Teenagers may appear to be cavalier about the events. Don't believe it.

''Teens have a sense of immortality. They may not want to talk about it as a way to deny or defend against how frightened they are,'' she said. By the time he comes home tonight, your teenager may be making jokes about it. Even though humor can be a coping mechanism, Linn said teenagers will take their cues from us and we need to model appropriate response. Her response to a joke would be, ''That makes me uncomfortable.''

Even some preteens may voice indifference. (''It's not such a big deal.'') ''That could be a sign of desensitization,'' she said, from watching video and media violence. ''Don't challenge them on this,'' she advised. ''Just make it clear that it is a big deal: `Gee, that's not at all how I feel.' Even though a preteen or teenager may appear not to be listening to you, she is.''

Deborah Meier, principal of the Mission Hill School in Boston, which has kindergarten through eighth grade, likened yesterday to Pearl Harbor, which she remembers from her childhood as primarily exciting, not particularly traumatic. Unfortunately for children today, unlimited access to visual images could make this traumatic indeed.
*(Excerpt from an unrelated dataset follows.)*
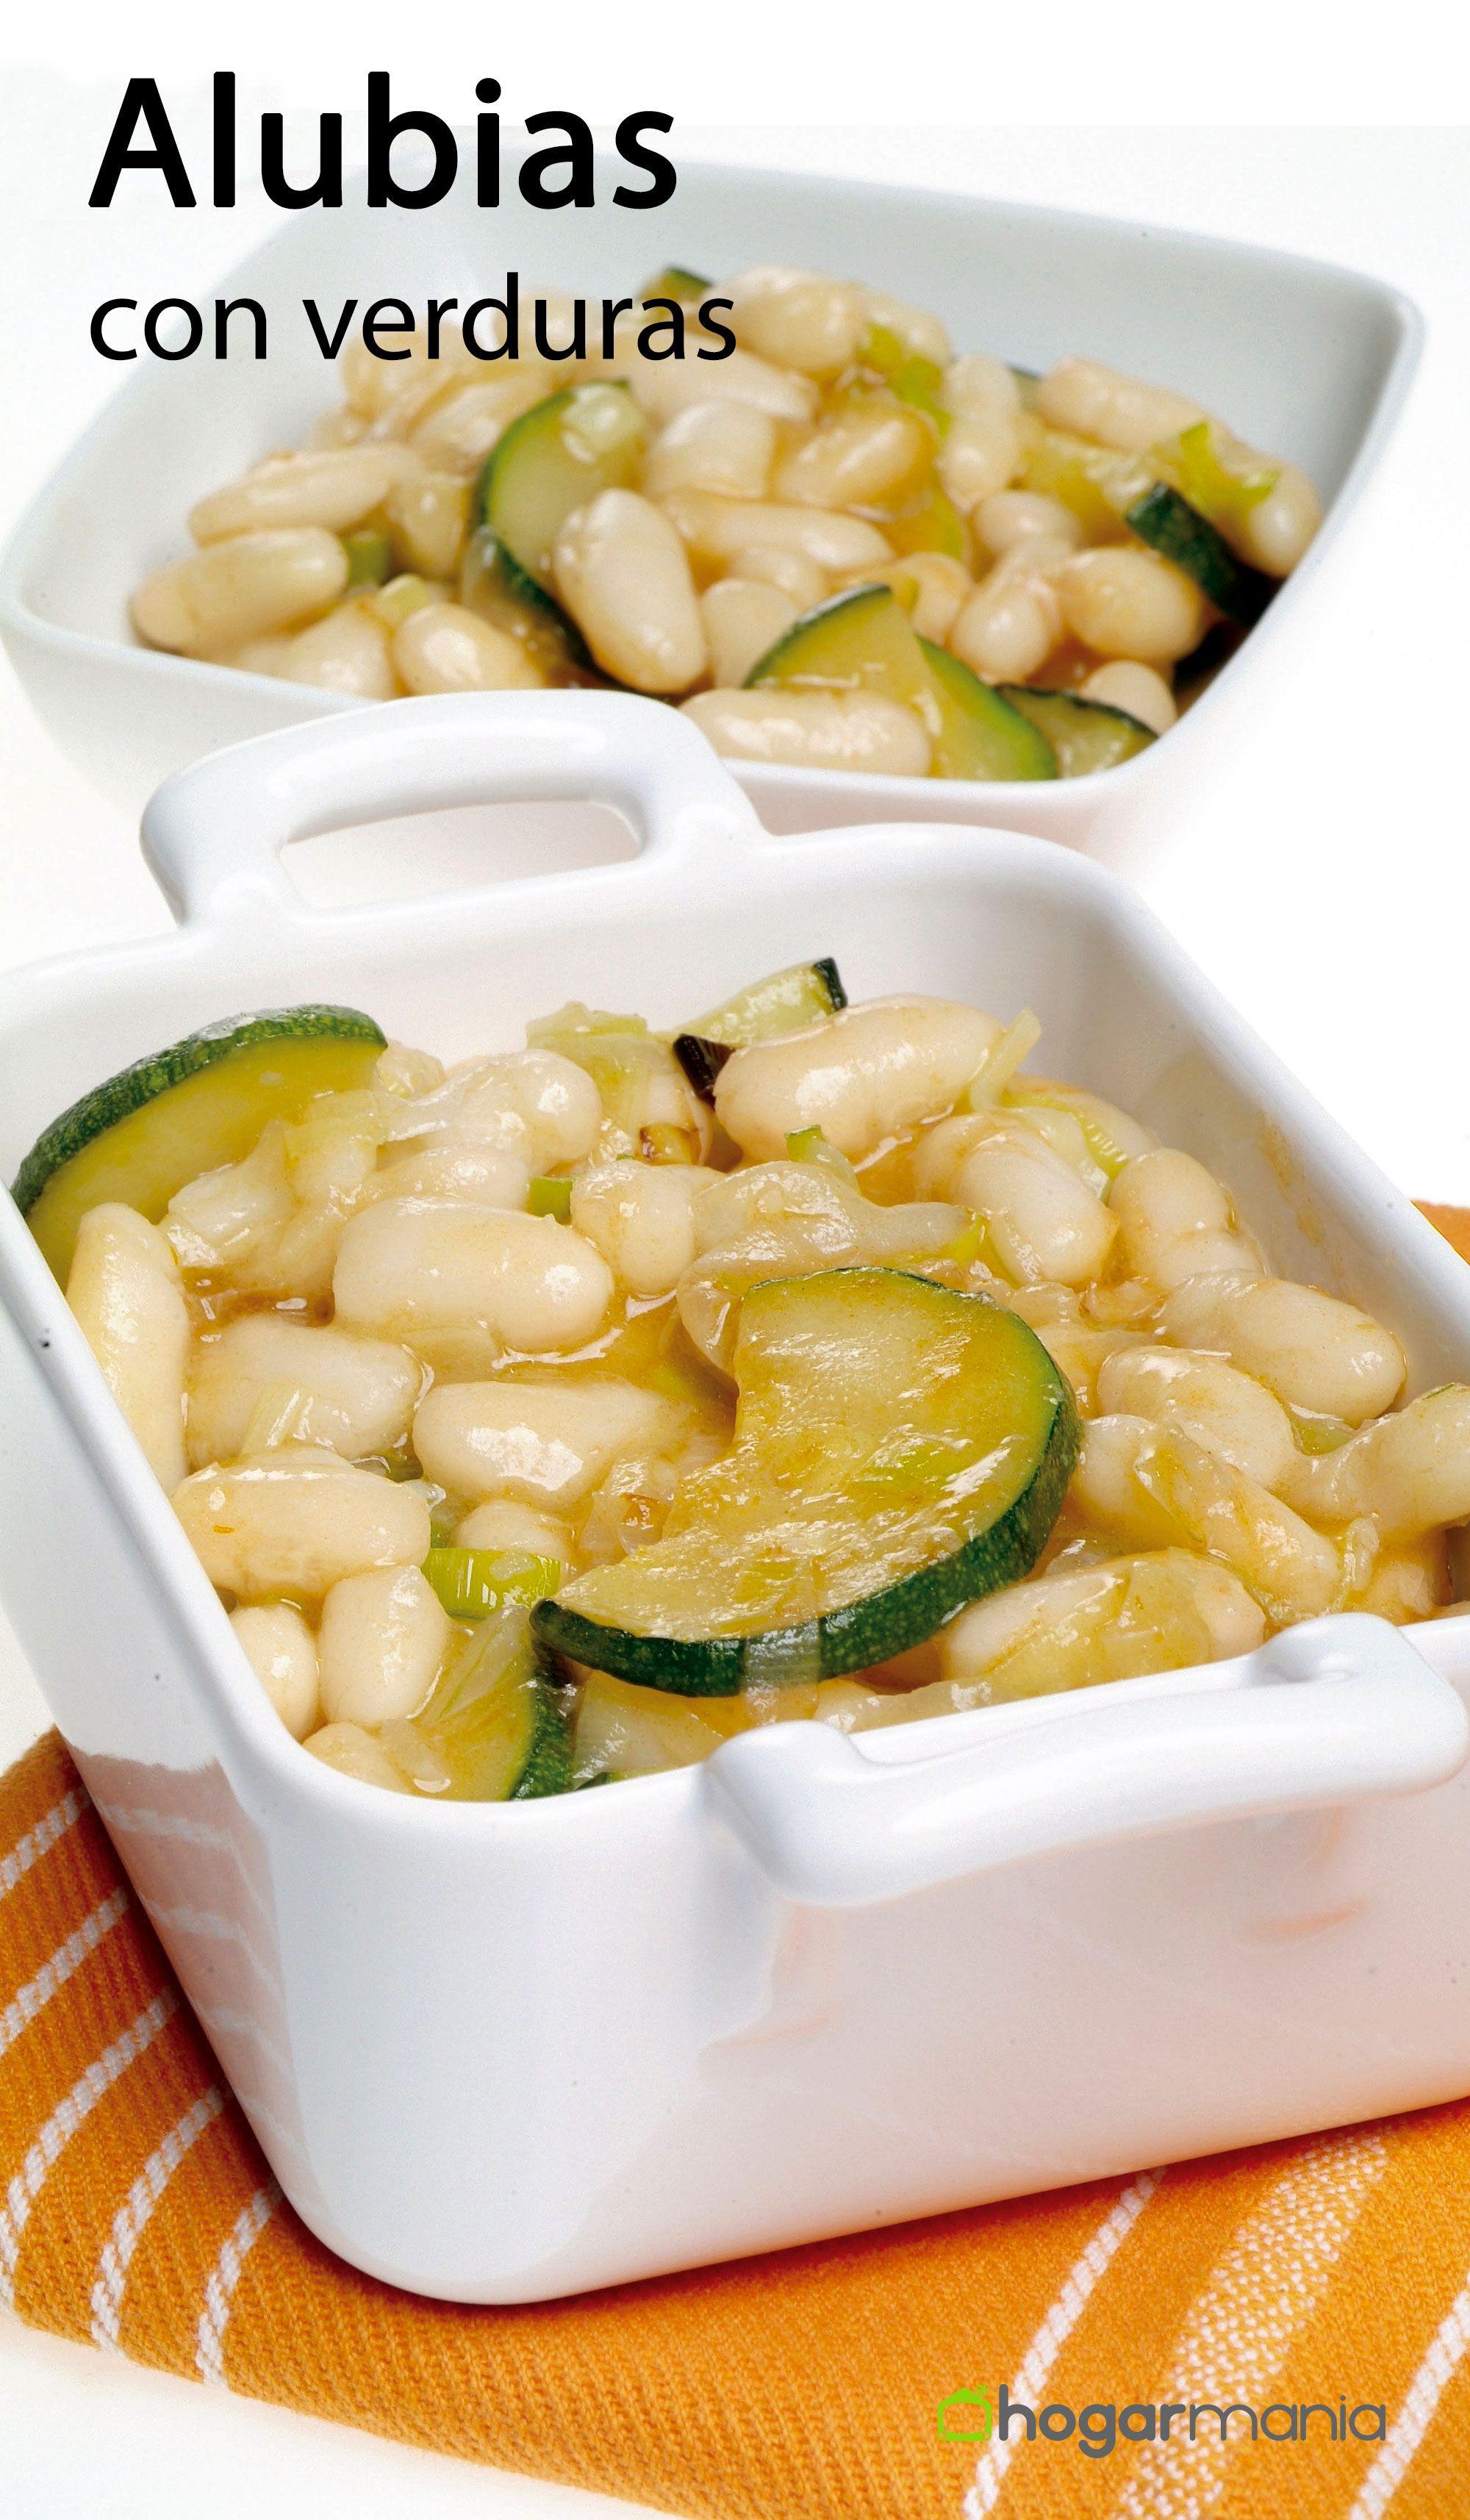 Receta alubias verduras

Meier and others urged parents to severely limit how much television children under 12 watch.

''The more they see, the more likely there will be nightmares'' and lasting imagery, said David Fassler, a child and adolescent psychiatrist in Burlington, Vt. Linn would keep the television off altogether (although not necessarily the radio) until a child 7 or younger is asleep, and would carefully monitor viewing for weeks to come (no unsupervised channel surfing). Even with children up to 14, for the next few days at least, she and Fassler and others recommend they watch the news only when parents are with them, and even then, not replay after replay.

As the painful process of healing and moving on begins, Fred Rogers says what will help children most is something his mother used to tell him: ''Look for the helpers.''

''It's reassuring and empowering for children to know there are people who will always want to help,'' he said.